If you follow drunk driving issues – which have been in the news more and more lately – you might have heard of 24/7 sobriety programs. A new federal law makes it easier for states and municipalities to employ these programs as a measure to combat drunk driving. Incentive grants are designed to encourage the adoption of 24/7 alcohol monitoring as a weapon in the arsenal of anti-DUI measures.
Those measures already include ignition interlocks –car breathalyzer devices which prevent a vehicle from starting if the driver has been drinking.
The question is: should 24/7 be considered a replacement for ignition interlocks? The answer is no.
What 24/7 Alcohol Monitoring Is
A 24/7 sobriety program requires offenders to check in at a facility and have their breath tested for alcohol, usually twice a day, morning and evening. If the offender tests positive, or fails to appear for the test, the consequences are immediate: often this is a short jail term (one or two days).

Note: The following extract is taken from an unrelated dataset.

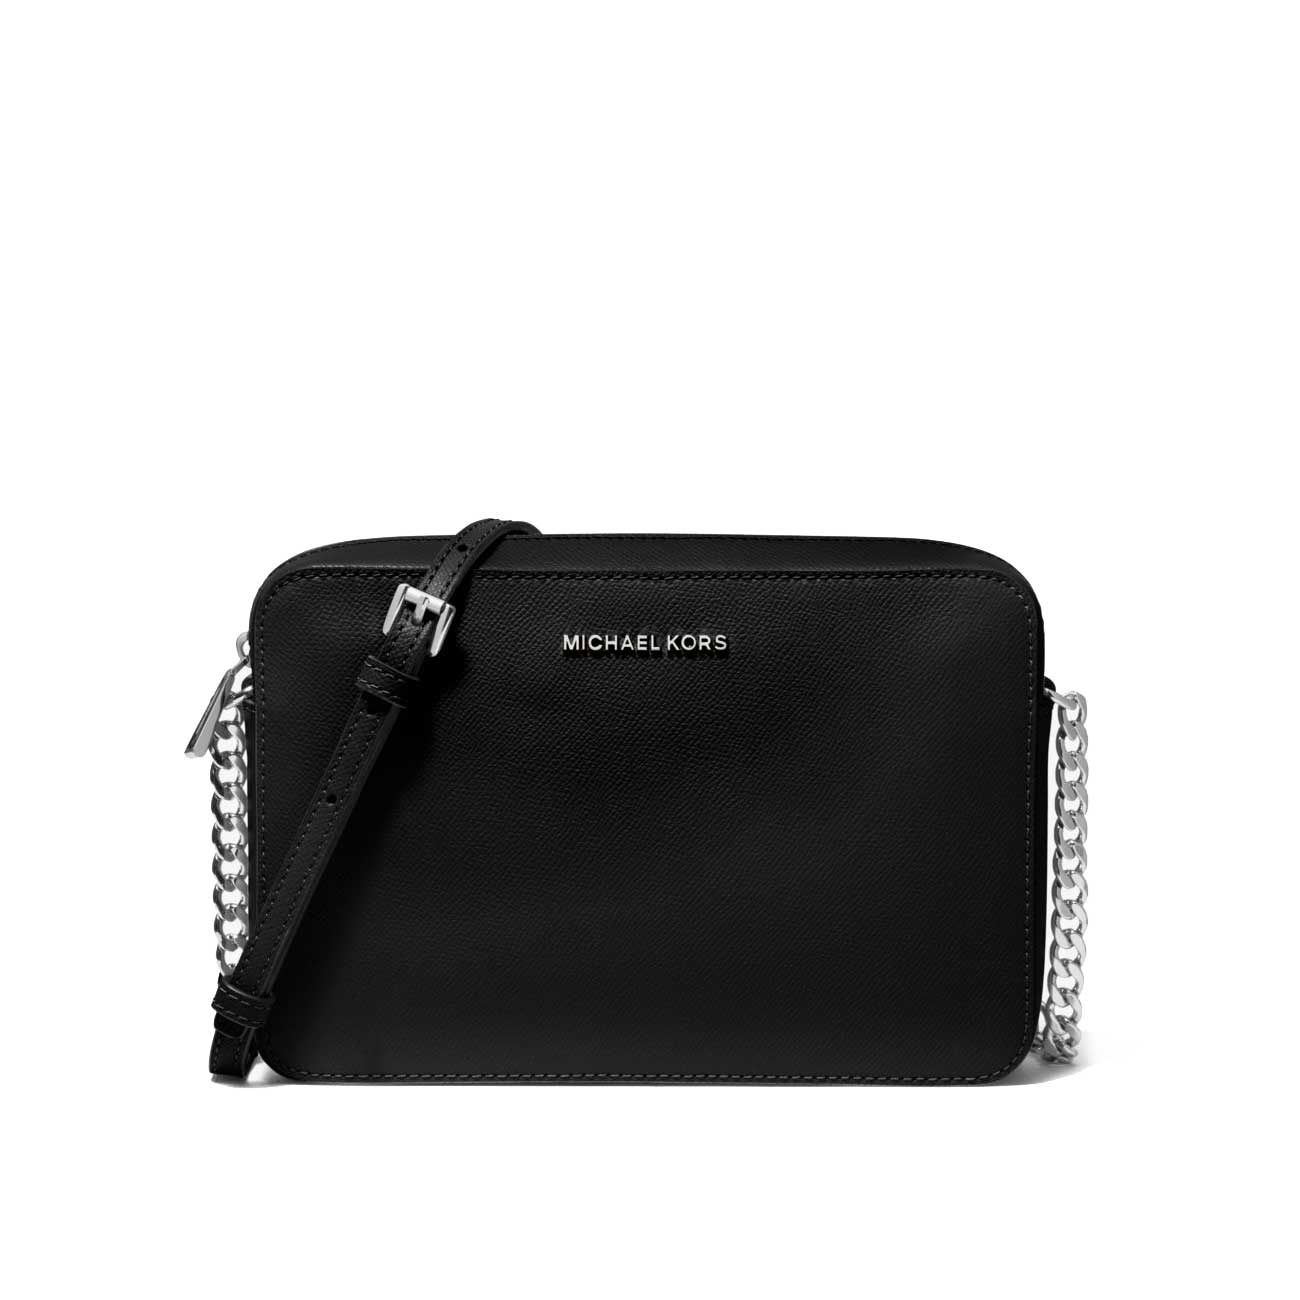 EUC Michael Kors Black Jet Set Large Saffiano Leather Crossbody Bag Retails  $168

The advantage, as advocates of 24/7 programs see it, is that the program addresses the underlying alcohol problem, rather than just the drunk driving. And the theory of it – that a smaller but swifter consequence (short jail term) works better than a larger but more remote one (possibility of greater punishment down the line) – has merit.
What 24/7 Cannot Do
The main problem with 24/7 programs is that they cannot prevent the one thing that led to the situation in the first place: drunk driving. Lapses are common in any recovery program. With an ignition interlock, an offender who drinks will still be prevented from driving. He or she will not be endangering the public.
The same is not true for 24/7 programs. A person can pass a breath test at 6pm, go drinking at 7 and drive at 8. Any lapse in their program leads immediately to the danger of drunk driving. The same is not true of ignition interlocks, which are designed to prevent intoxicated people from operating vehicles.
Where MADD Stands
Mothers Against Drunk Driving (MADD), as well as other law enforcement agencies and road safety advocates, are staunch in their support of ignition interlocks as the vital means of breaking the chain between drinker and driver. A recent report by MADD made a compelling case for interlock devices, noting that since the devices were widely adopted, they have prevented 1.77 million attempts to drive drunk. The report states:
MADD is confident that an ignition interlock is the safest, most effective way to stop a drunk driver from becoming a repeat offender.
And that is the latest word. 24/7 is a useful tool for helping alcoholics in the recovery process, but it does not perform the essential duty that protects the public, by keeping intoxicated people in the parking lot or driveway, instead of on our roads.